The chemotactic-sensitivity coefficient measured for P. putida G7 with the continuous-flow assay is close to a previously published value (7.2 x 10^–5 cm²/s [49]) but more than three times higher than another published value (1.8 x 10^–5 cm²/s [58]). In the latter case, long experimental times (>24 h) were used, and the experiments were done in phosphate buffer, which may have negatively affected the viability and motility of the bacteria as discussed above.

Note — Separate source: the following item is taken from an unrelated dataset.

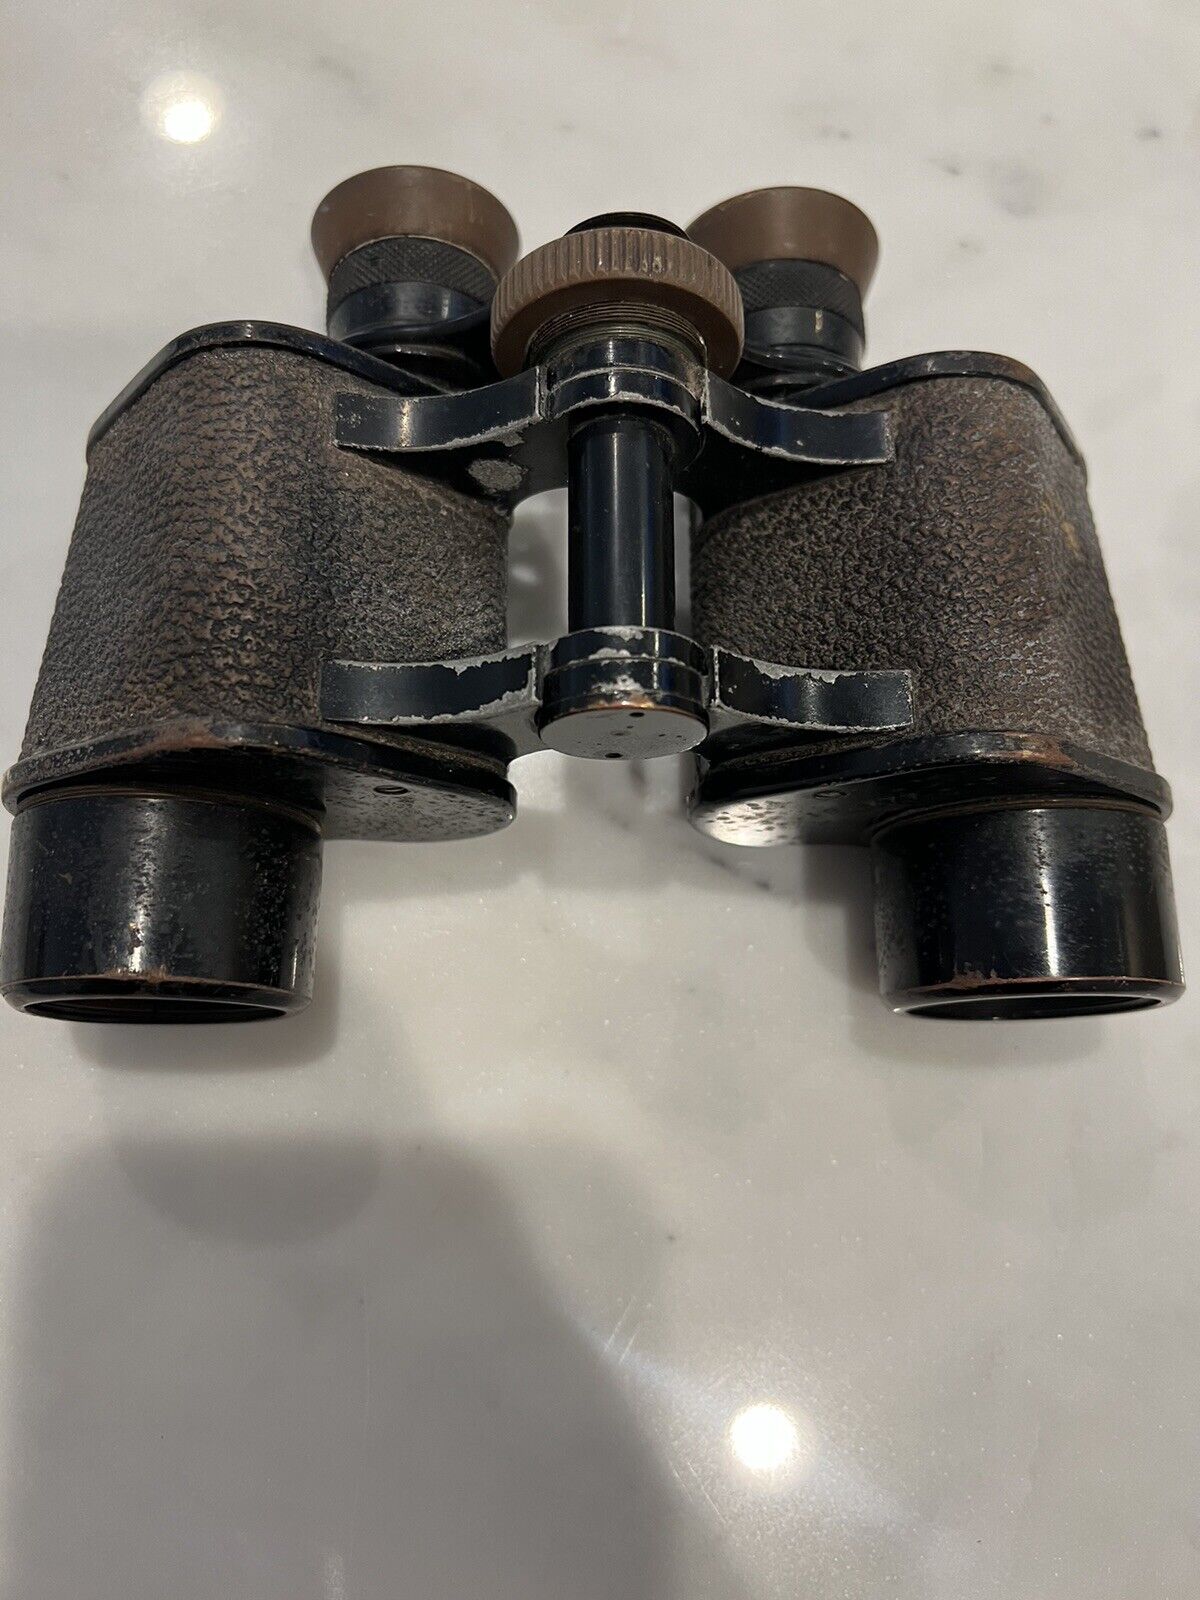 Binoculars, Bausch and Lomb Circa 1908 - 1915

The reproducibility of the number of bacteria that accumulated in the capillaries at a given time point was generally good, with coefficients of variation (CV) ranging from 10 to 30%. Variation in the accumulations associated with random motility alone (buffer-filled capillaries) tended to be higher (CV, 15 to 30%) than those associated with chemotaxis (naphthalene-saturated buffer-filled capillaries; CV, 10 to 20%). Variability in plate counting could account for some of the variation, since it was possible for duplicate plates associated with a given capillary to differ by as much as 20%.

We tested the response of nonchemotactic bacteria to a naphthalene gradient using a strain of P. putida G7 [strain G7.C1(pHG100)] that is specifically nonchemotactic to naphthalene (36). The accumulation of cells was the same whether or not a naphthalene gradient was present, indicating that the response we measured with the wild-type strain was caused by chemotaxis to naphthalene.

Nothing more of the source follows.